Não se engane

Se o atual ritmo de vacinação contra o novo coronavírus for mantido no Brasil, a imunização completa da população vai se encerrar apenas no primeiro semestre de 2024, segundo previsão do Monitora Covid-19, portal de acompanhamento da evolução da doença no Brasil mantido pela Fundação Oswaldo Cruz (Fiocruz).

Até ontem, menos de 3% dos brasileiros haviam sido vacinados. Além disso, mesmo se tratando do início de vacinação, municípios e capitais já sofrem com a falta de doses, fato que pode levar a alterações no calendário de vacinação.
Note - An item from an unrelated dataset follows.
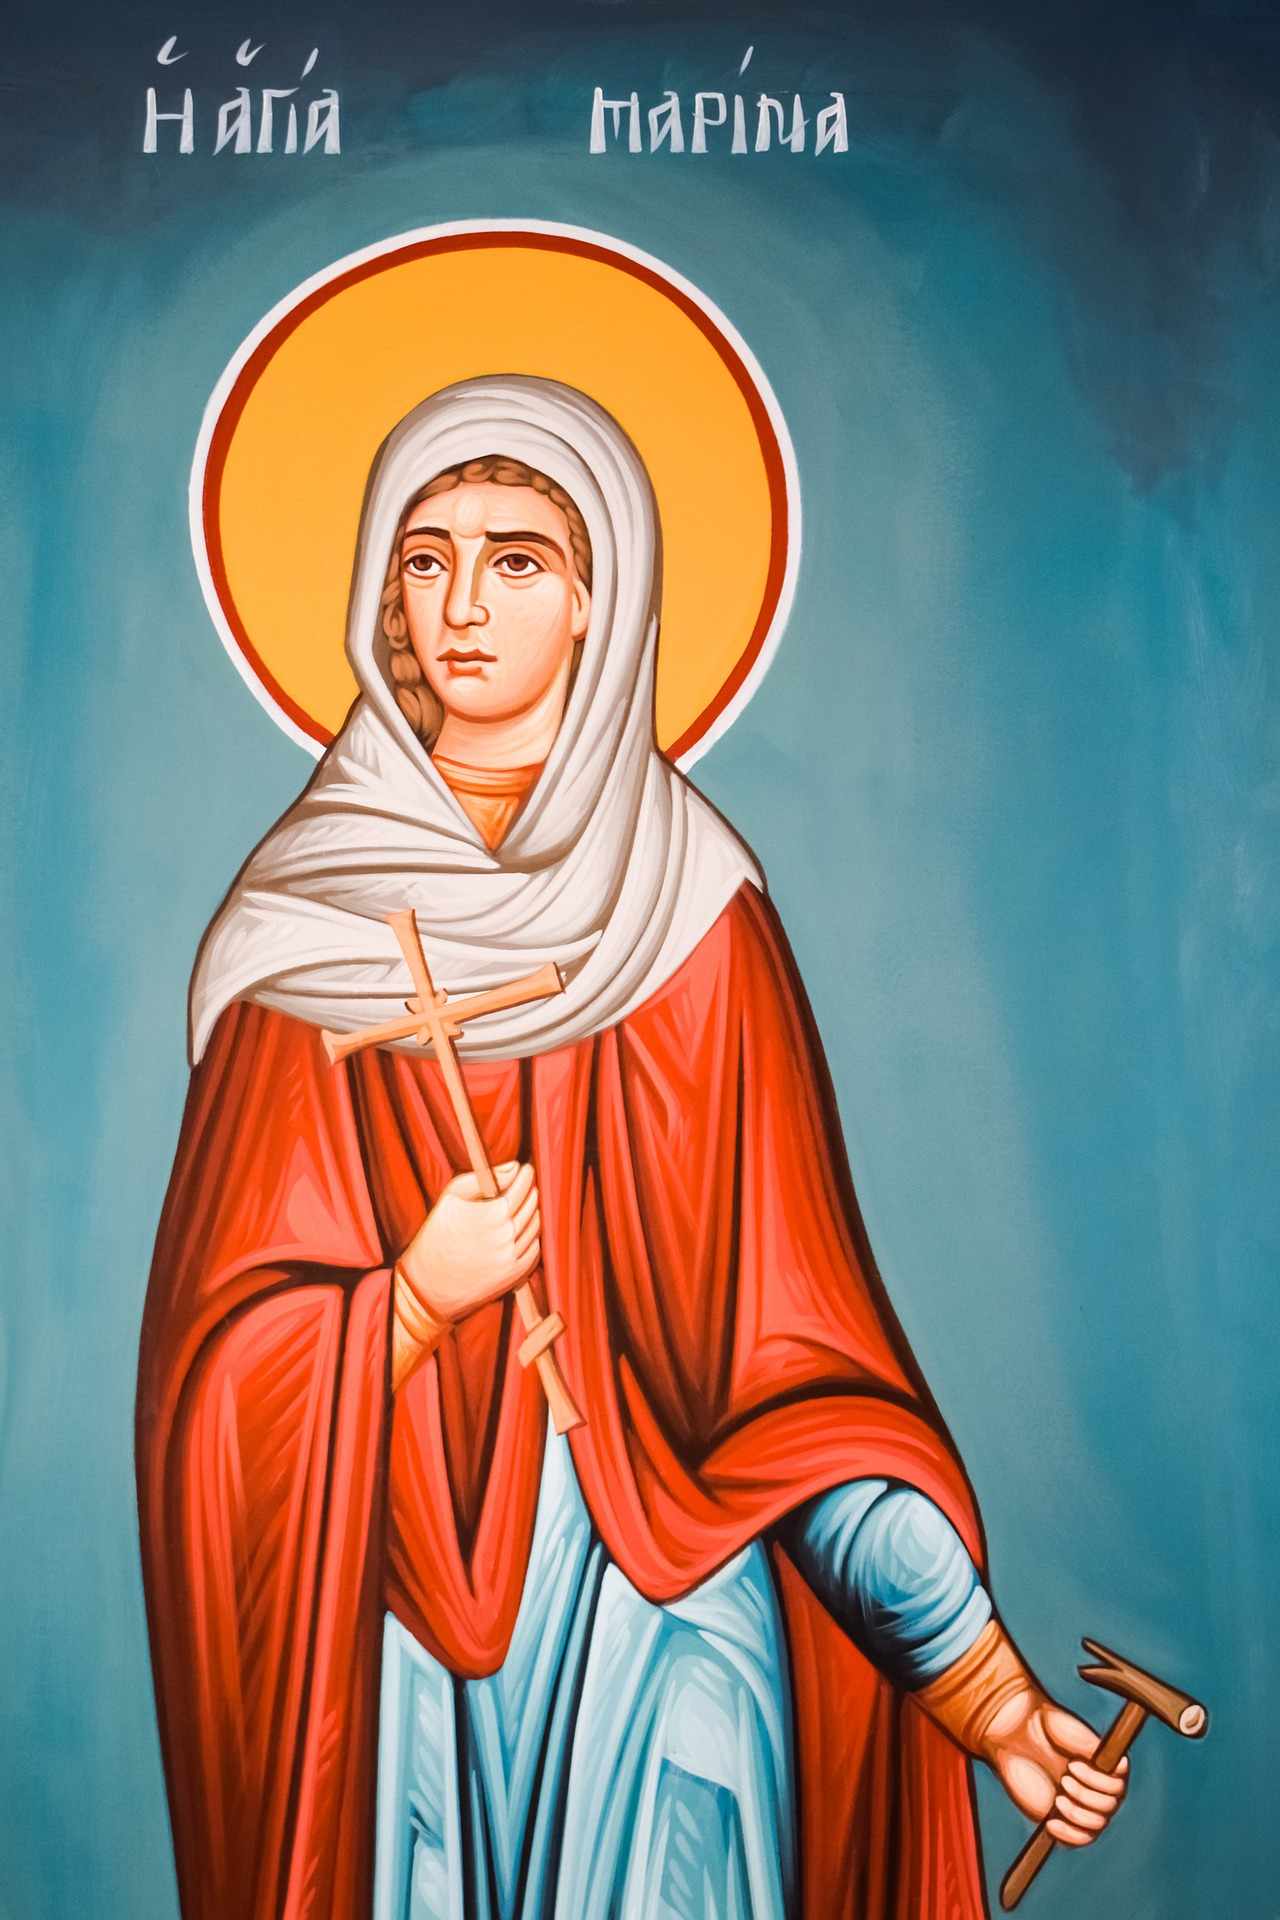 Η "Αγία Μαρίνα Μηρμυκώφ " δεσπόζει στο χωριό Μηρμυκώφου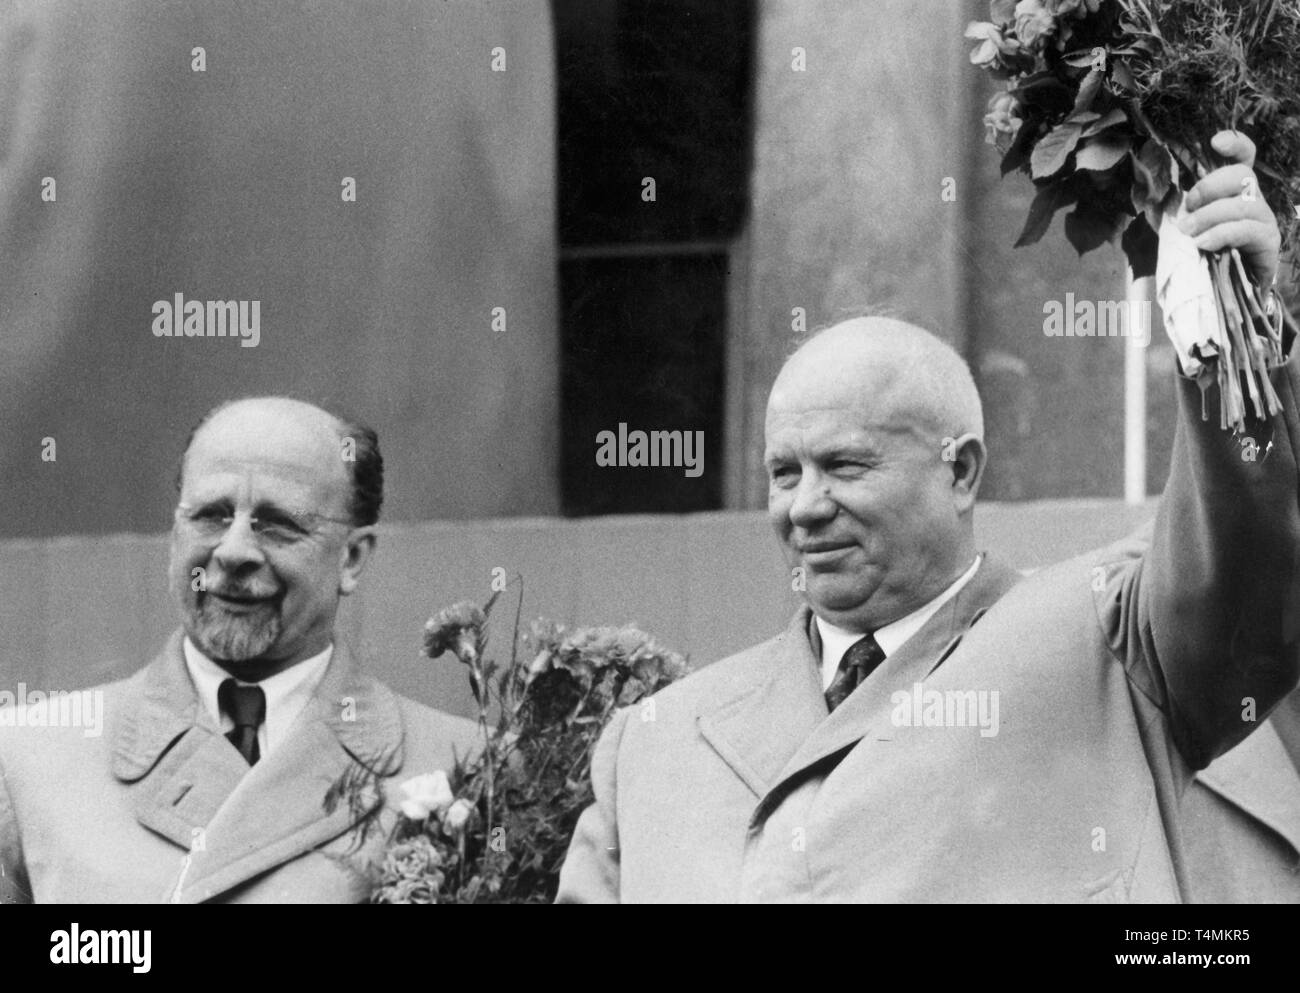 Walter Ulbricht (L), Premier Secrétaire du Comité central du SED, et Nikita Khrouchtchev (R), Premier Secrétaire du Comité central du Parti communiste de l'Union soviétique, à la gare de l'Est de Berlin le 08 juillet 1958. Khrouchtchev a été invité à la cinquième conférence des parties de la SED. Dans le monde d'utilisation | Banque D'Images

Em todo país, menos de 50% da distribuição de medicamentos foi aplicado.

Mogi das Cruzes vacinou mais de 11 mil trabalhadores da saúde contra a Covid-19. Hospitais e pronto atendimentos da cidade iniciaram na semana passada a aplicação da segunda dose para os primeiros profissionais da linha de frente do combate à pandemia, que receberam o imunizante CoronaVac, do Butantan. Deste total, 846 já tomaram a segunda dose. A cidade recebeu 5.240 segundas doses. Agora, porém, o governo do Estado não tem previsão de envio de novos lotes. Até o momento, o atendimento continua para idosos com 85 anos ou mais, que podem receber a dose em qualquer unidade de saúde, de segunda a sexta-feira, das 8 horas às 16h30. Mas, isso enquanto houver estoque. Quase 3 mil idosos já foram imunizados, só em Mogi. Outros grupos prioritários e faixas etárias serão divulgados conforme a chegada de novas remessas.

Não podemos esquecer que a ciência descobriu a vacina em tempo recorde e que os governos, apesar dos deslizes, conseguiram se coordenar e evitar uma recessão ainda maior. Mas, ainda com o avanço da vacinação, é nítida a preocupação das autoridades em relação à instabilidade do recebimento de novas remessas do medicamento. Por isso, a população precisa manter todos os cuidados na rotina, como uso de máscara, distanciamento social e higiene das mãos. Porém, infelizmente, também é nítido o descuido de boa parte das pessoas. Muitos circulam sem máscara ou com o equipamento no queixo. Enganar a quem? É preciso ficar alerta, pois, manter os cuidados pode fazer a diferença.